RCIR “condemns Fifa’s venal leadership for opposing this eminently reasonable measure” and in a statement released to the Star said: “The PFA proposed amending Fifa’s statutes so as to make football associations subject to serious sanction in the event that they fail to respect internationally recognised human rights.

“In the words of PFA president Jibril Rajoub, the absence of enforceability ‘threatens to devoid our commitment to human rights… and turn it into a nice slogan we can hang on the walls of our headquarters or plaster in the advertising space in this and that stadium.’

“The PFA amendment would have brought Fifa’s statutory commitment to human rights into line with its similar commitment to tackling discrimination on unjust grounds.

“RCIR condemns Fifa’s venal leadership for opposing this eminently reasonable measure. The reasons advanced by the Fifa Council — that the amendment was unnecessary and would have adverse legal implications — were misleading and without substance. 

“Unfortunately, Fifa Congress operates largely as a rubber stamp for the organisation’s leadership.

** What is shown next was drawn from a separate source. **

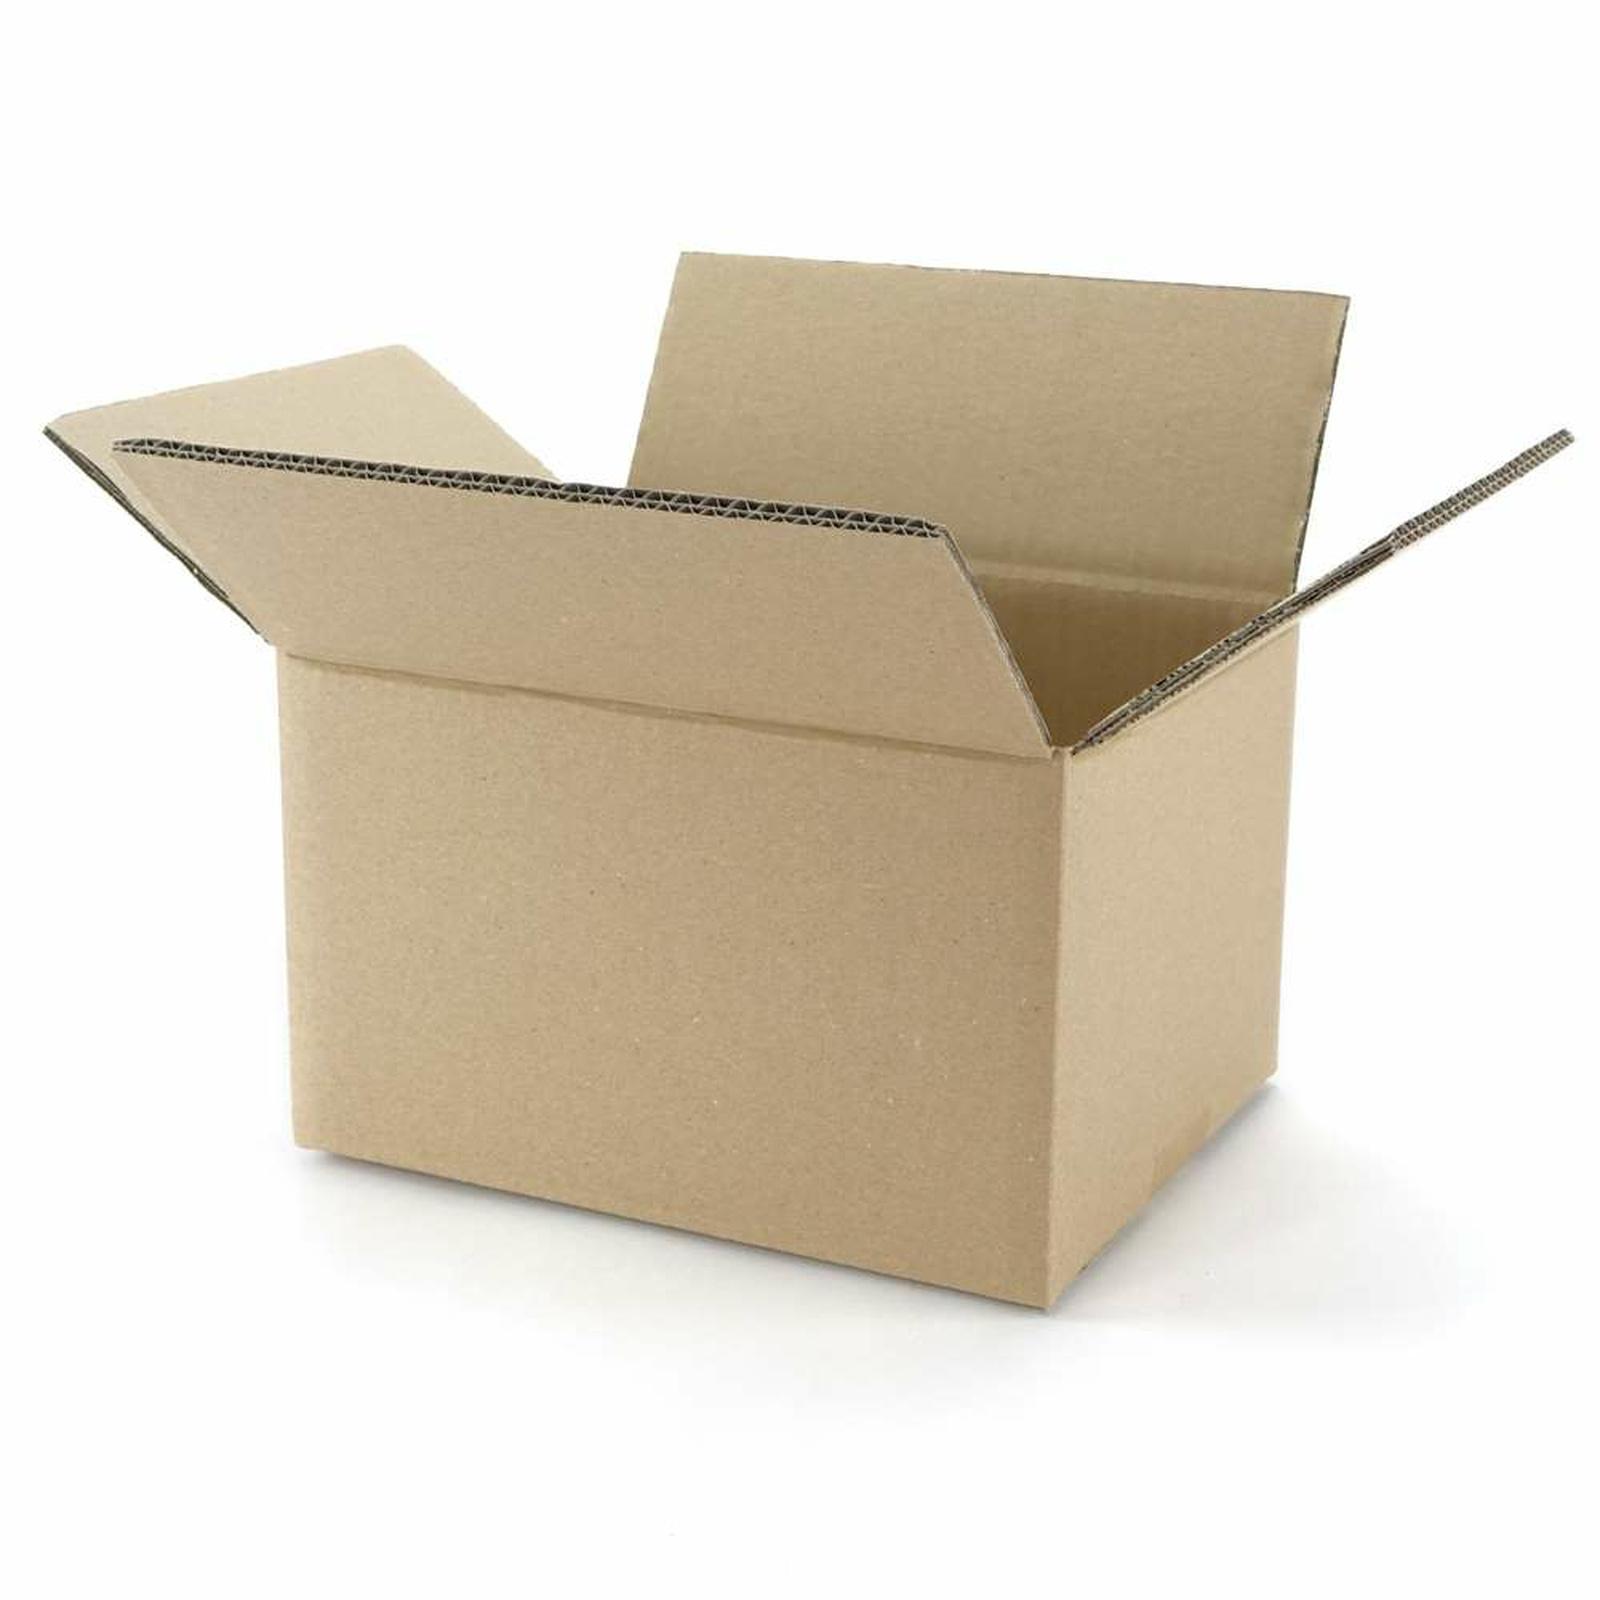 zweiwellige kartons 250x200x150 mm g nstig kaufen 0 44. Black Bedroom Furniture Sets. Home Design Ideas
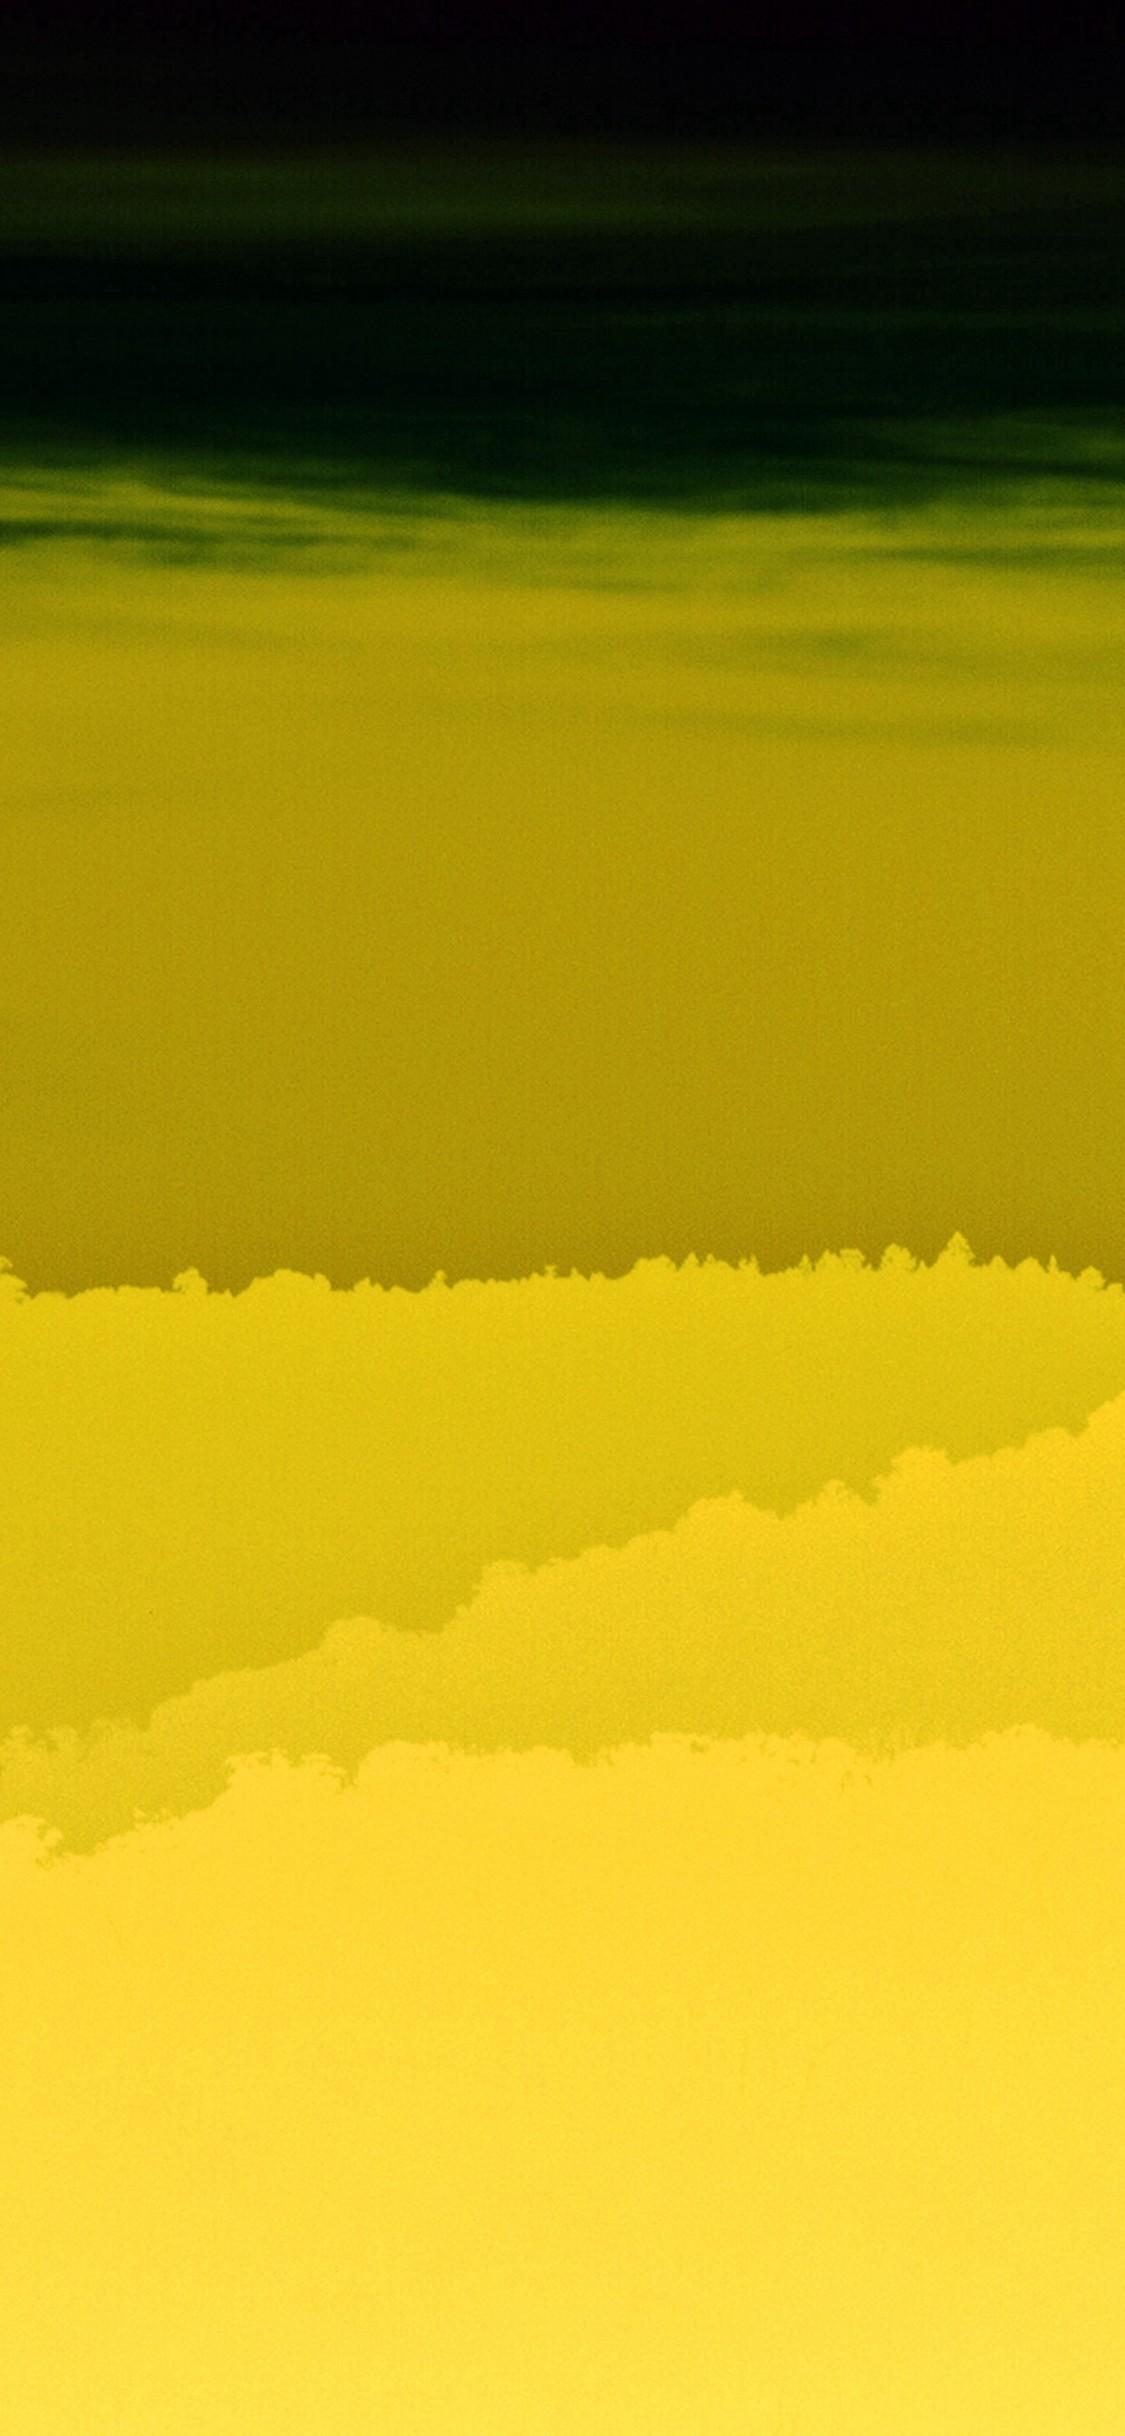 255 2550350 yellow mountain morning sunrise nature iphone x wallpaper

It was therefore inevitable that most of the assembled delegates would treat the Council’s recommendation as an instruction to vote the PFA’s proposal down.

“In forcing the failure of the proposal Fifa has displayed the same cynical disregard for matters of principle that led the renowned human rights experts Navi Pillay and Ron Popper to resign from the organisation last year. 

“That cynicism was amply demonstrated when the council blocked action against the Israel Football Association for the latter’s sponsoring of football in illegal settlements.

“Today’s shabby proceedings indicate that Fifa’s human rights policy is indeed ‘a nice slogan’ that will not be allowed to interfere with its abundant cronyism and deference to powerful political actors on the world stage.”